* TASK DETAILS: Only the lines in the entries below from the line with "Adidas Superstar 2 Bleu Blanc Rouge WJtZrIZ" to the line with "JUL_CASA_PRADO_NEWS_INTERNA_impresso_180", both included, belong in the answer, transcribed exactly and without pictures.

* RECORDS TO PROCESS:
━━━━
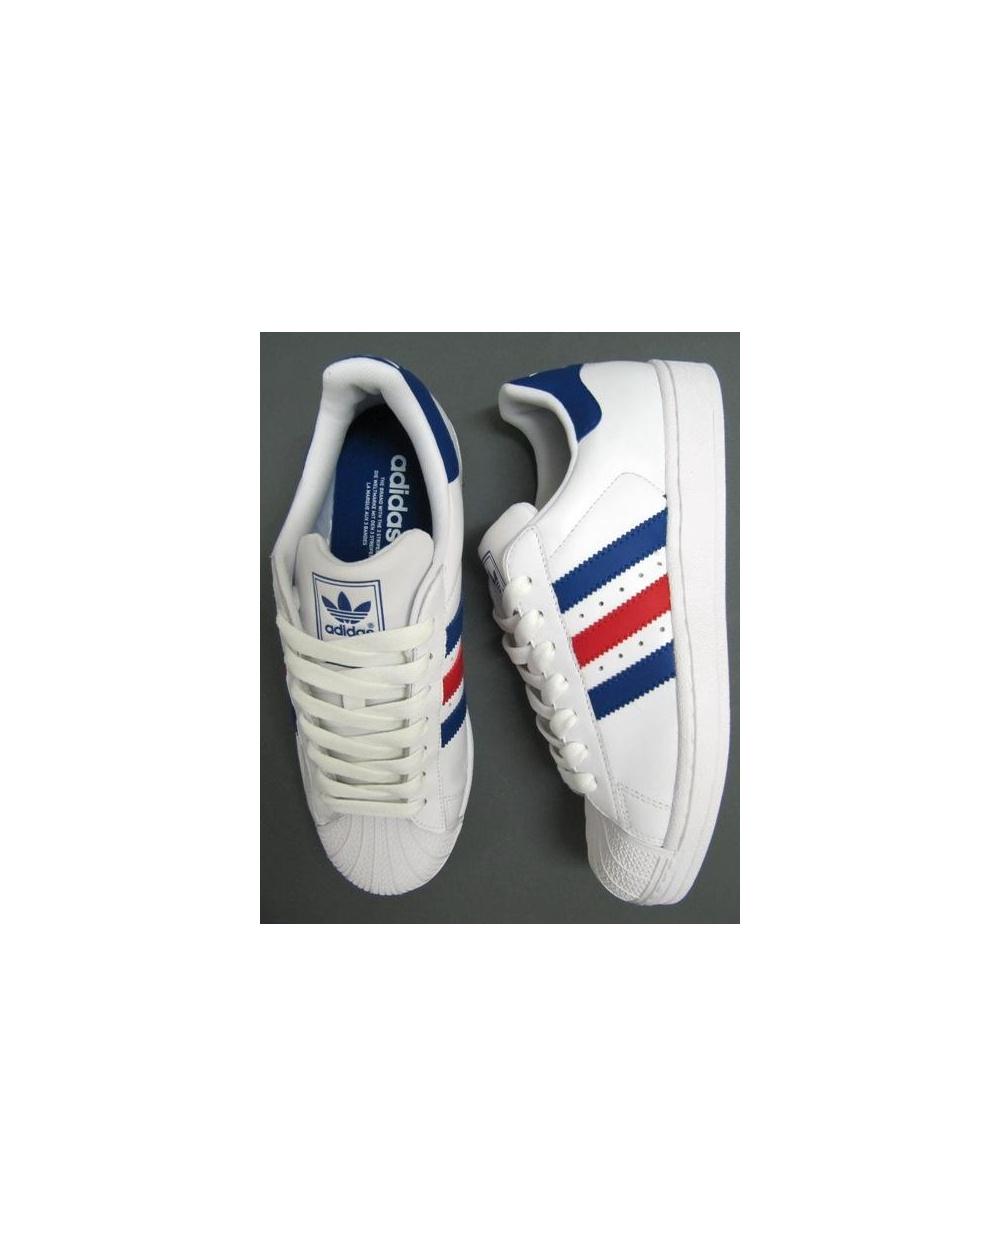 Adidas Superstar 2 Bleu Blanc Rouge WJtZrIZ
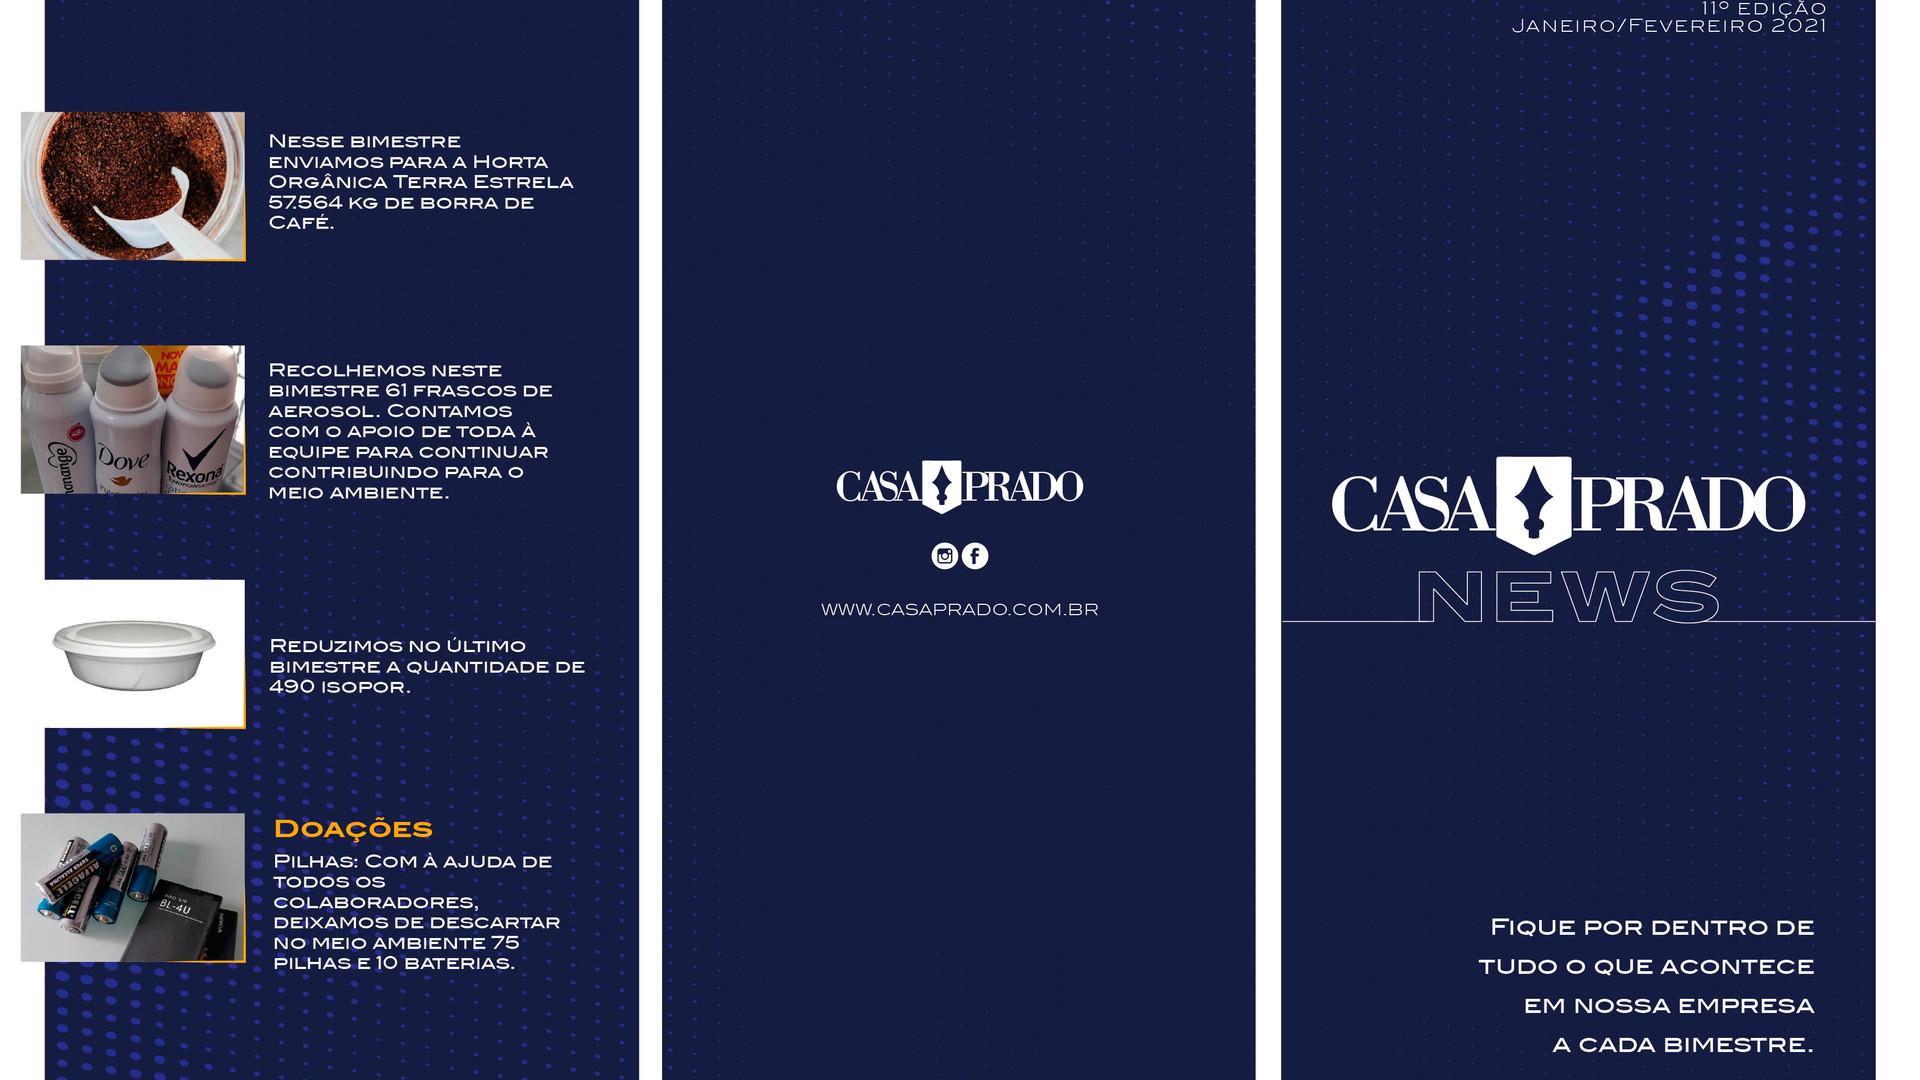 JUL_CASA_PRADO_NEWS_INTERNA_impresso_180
━━━━
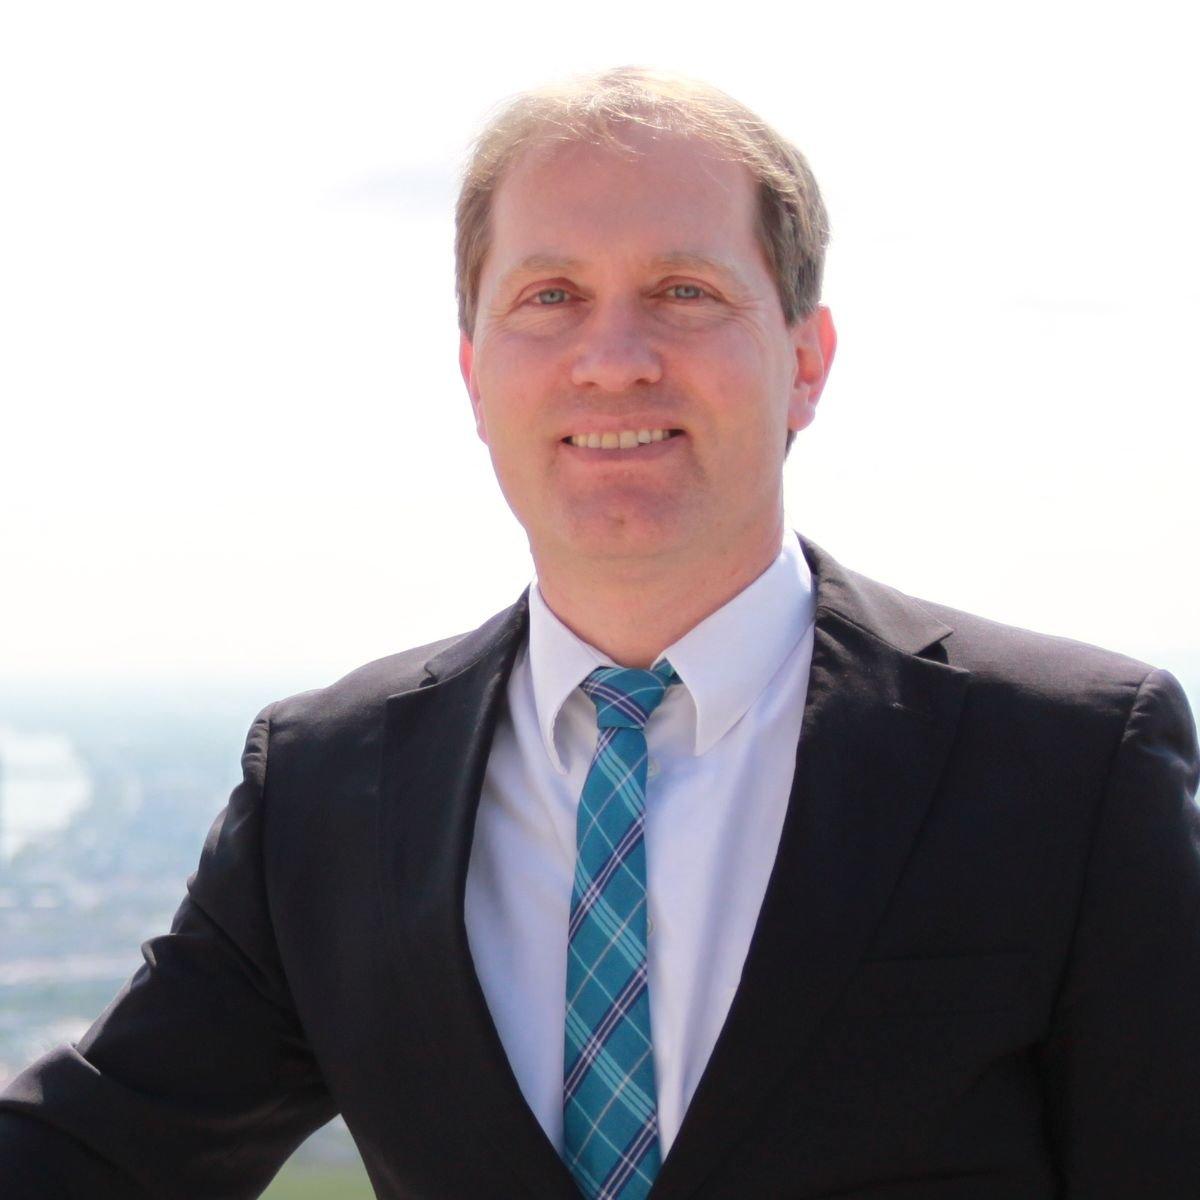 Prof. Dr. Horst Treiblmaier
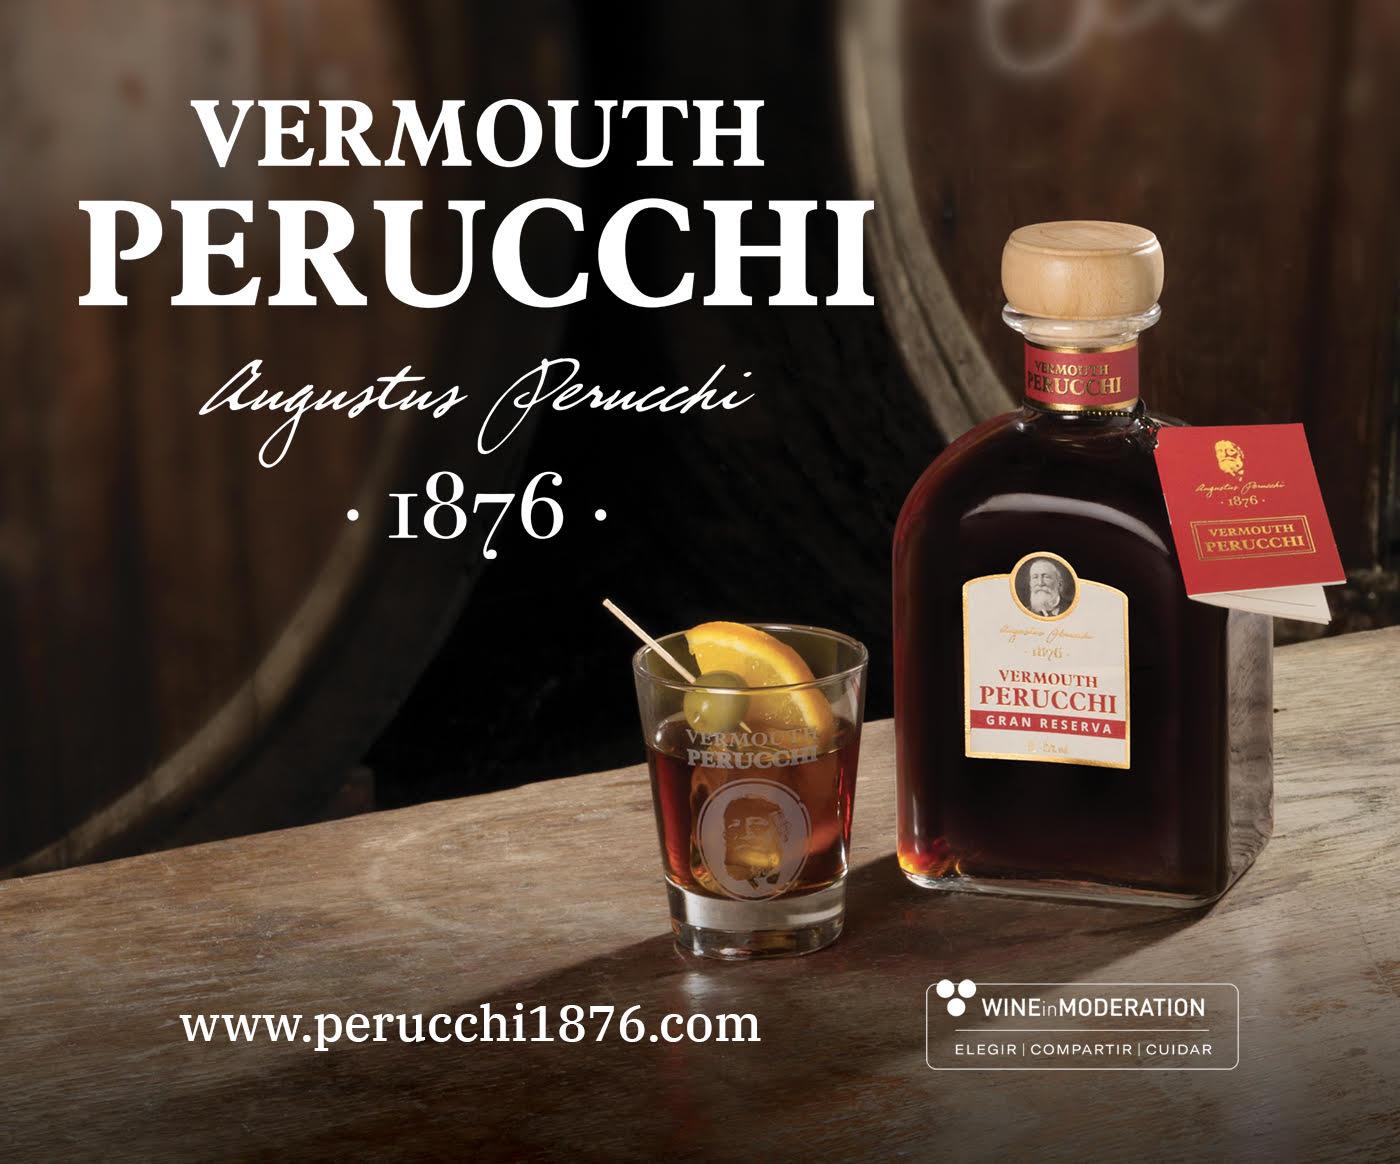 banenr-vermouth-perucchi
━━━━
* RESPONSE FOR THIS EXERCISE:
 Adidas Superstar 2 Bleu Blanc Rouge WJtZrIZ
 JUL_CASA_PRADO_NEWS_INTERNA_impresso_180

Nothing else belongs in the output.